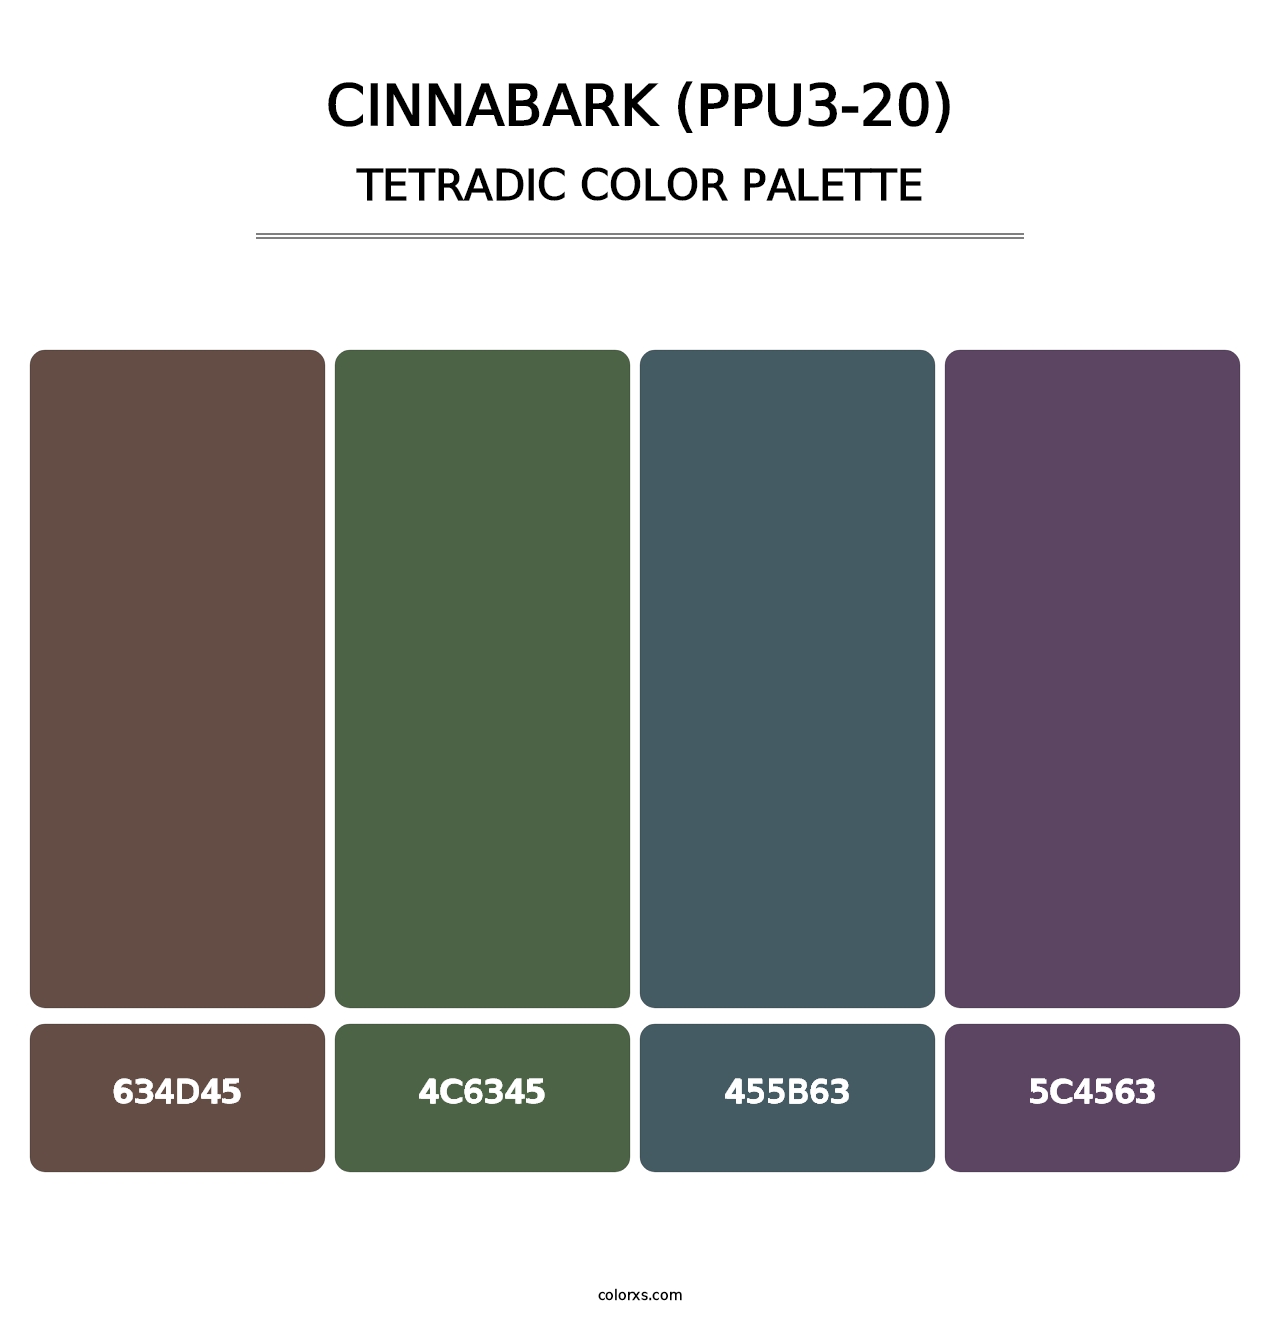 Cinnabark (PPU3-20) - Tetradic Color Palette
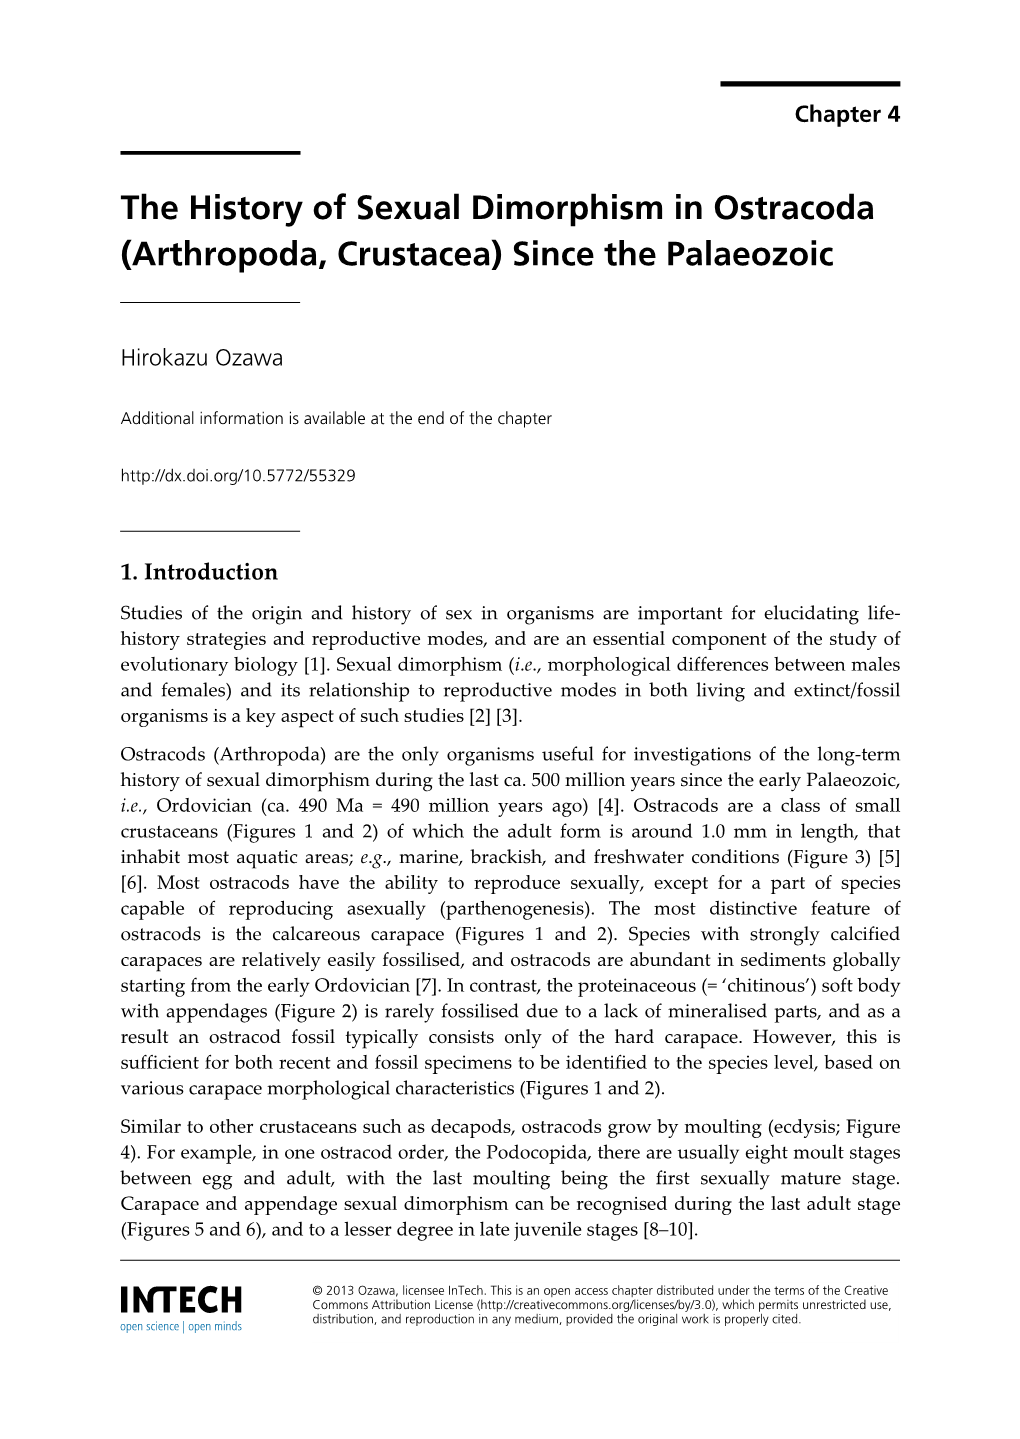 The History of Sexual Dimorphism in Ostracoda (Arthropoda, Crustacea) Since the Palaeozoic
--
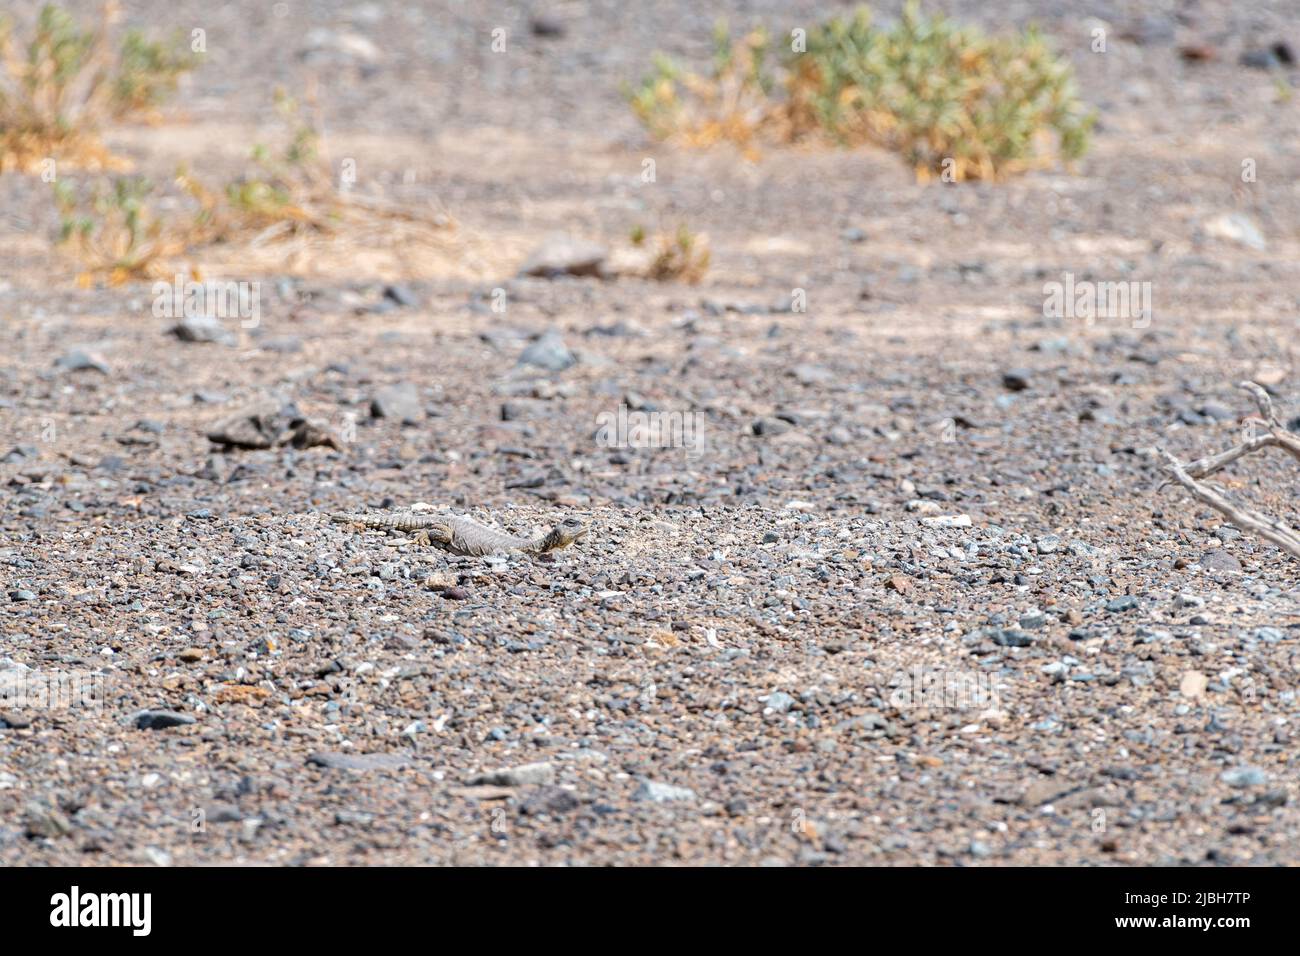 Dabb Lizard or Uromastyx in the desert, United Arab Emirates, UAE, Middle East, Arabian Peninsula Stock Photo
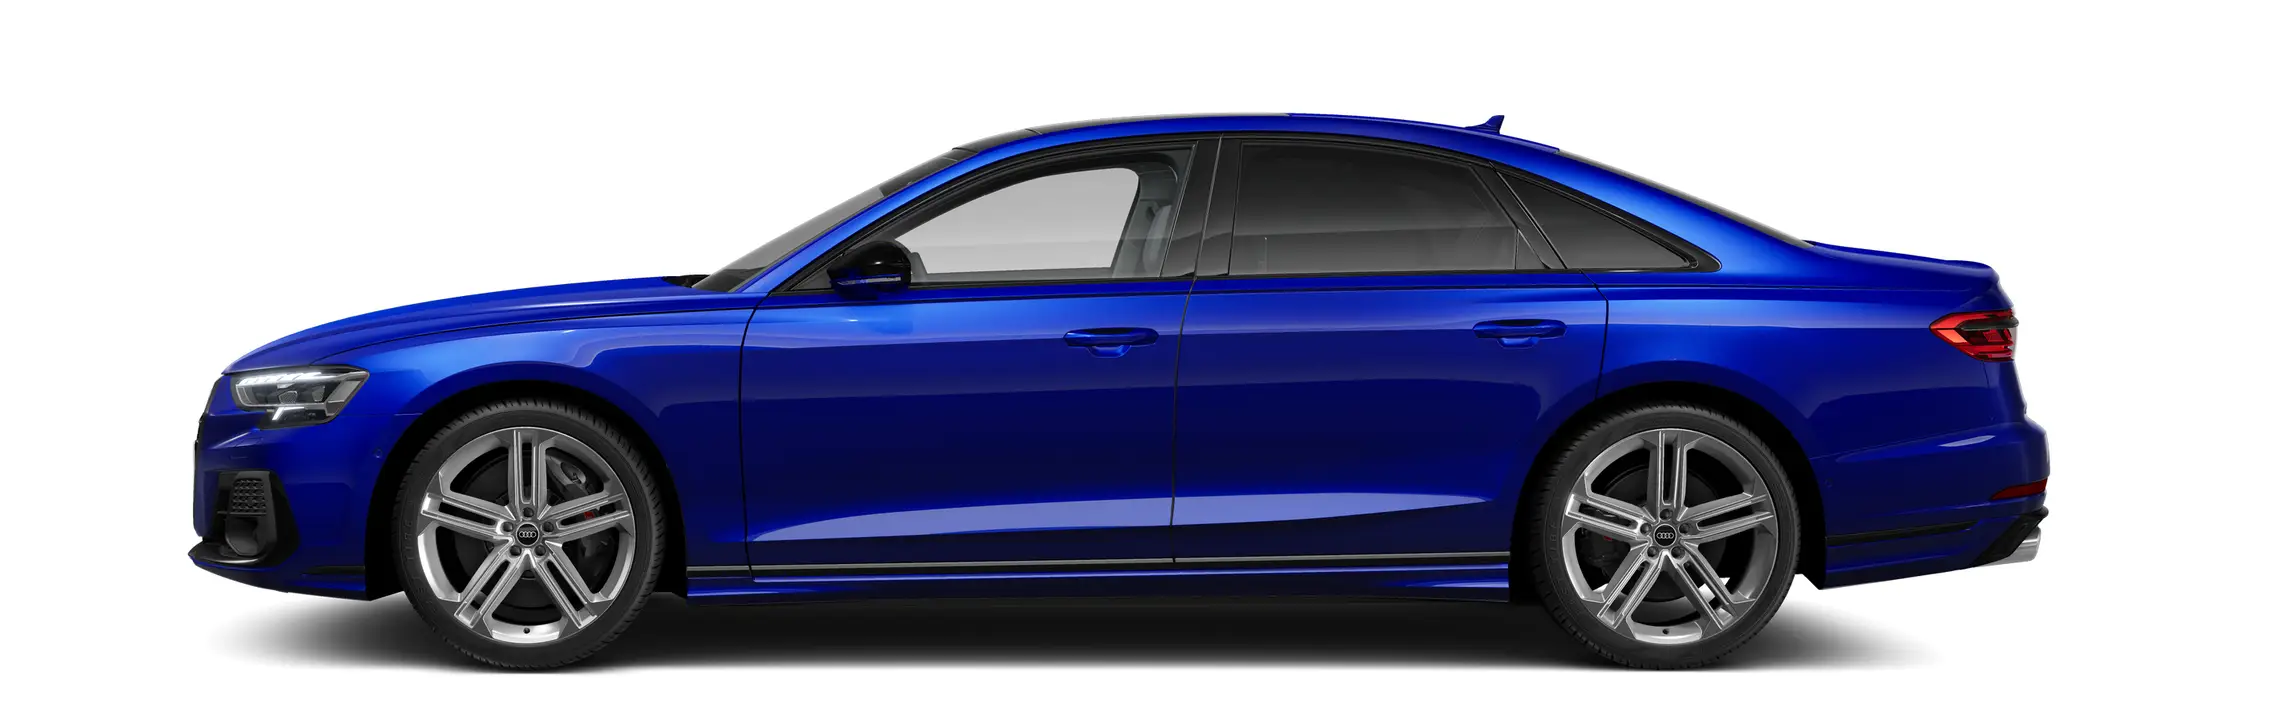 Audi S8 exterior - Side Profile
--
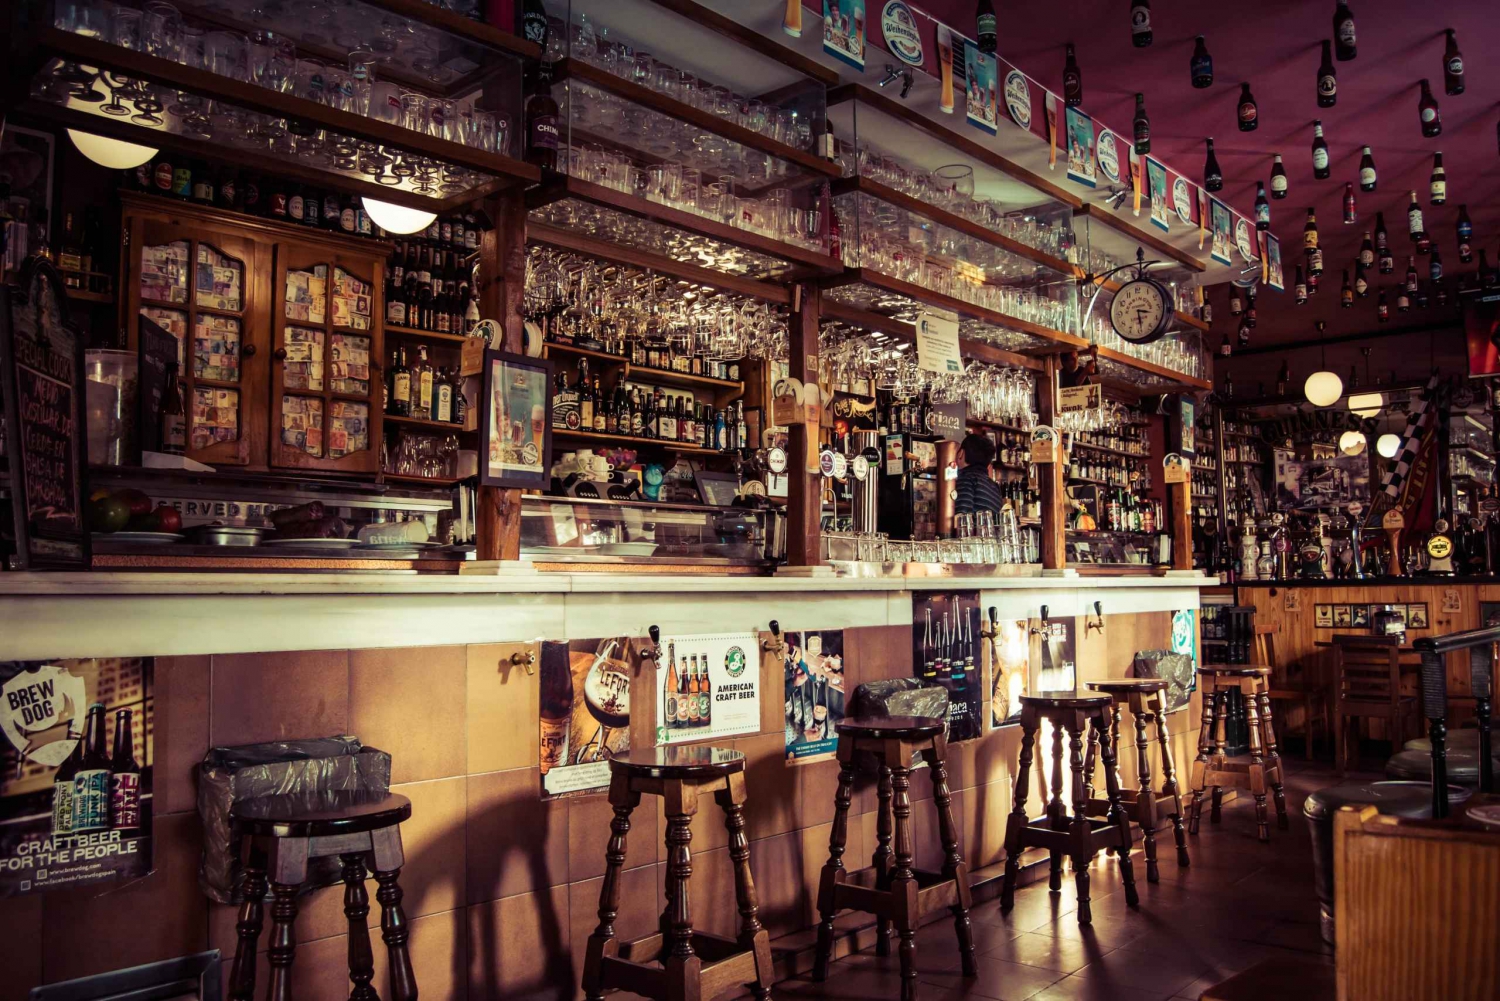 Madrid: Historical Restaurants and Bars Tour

→ **TASK BRIEF**: Using the material above, transcribe exactly the lines from the one holding "Cinnabark (PPU3-20) - Tetradic Color Palette" to the one holding "The History of", both ends kept. Do not carry over any pictures.

→ **RESULT OF THE TASK**:
 Cinnabark (PPU3-20) - Tetradic Color Palette
 The History of Sexual Dimorphism in Ostracoda (Arthropoda, Crustacea) Since the Palaeozoic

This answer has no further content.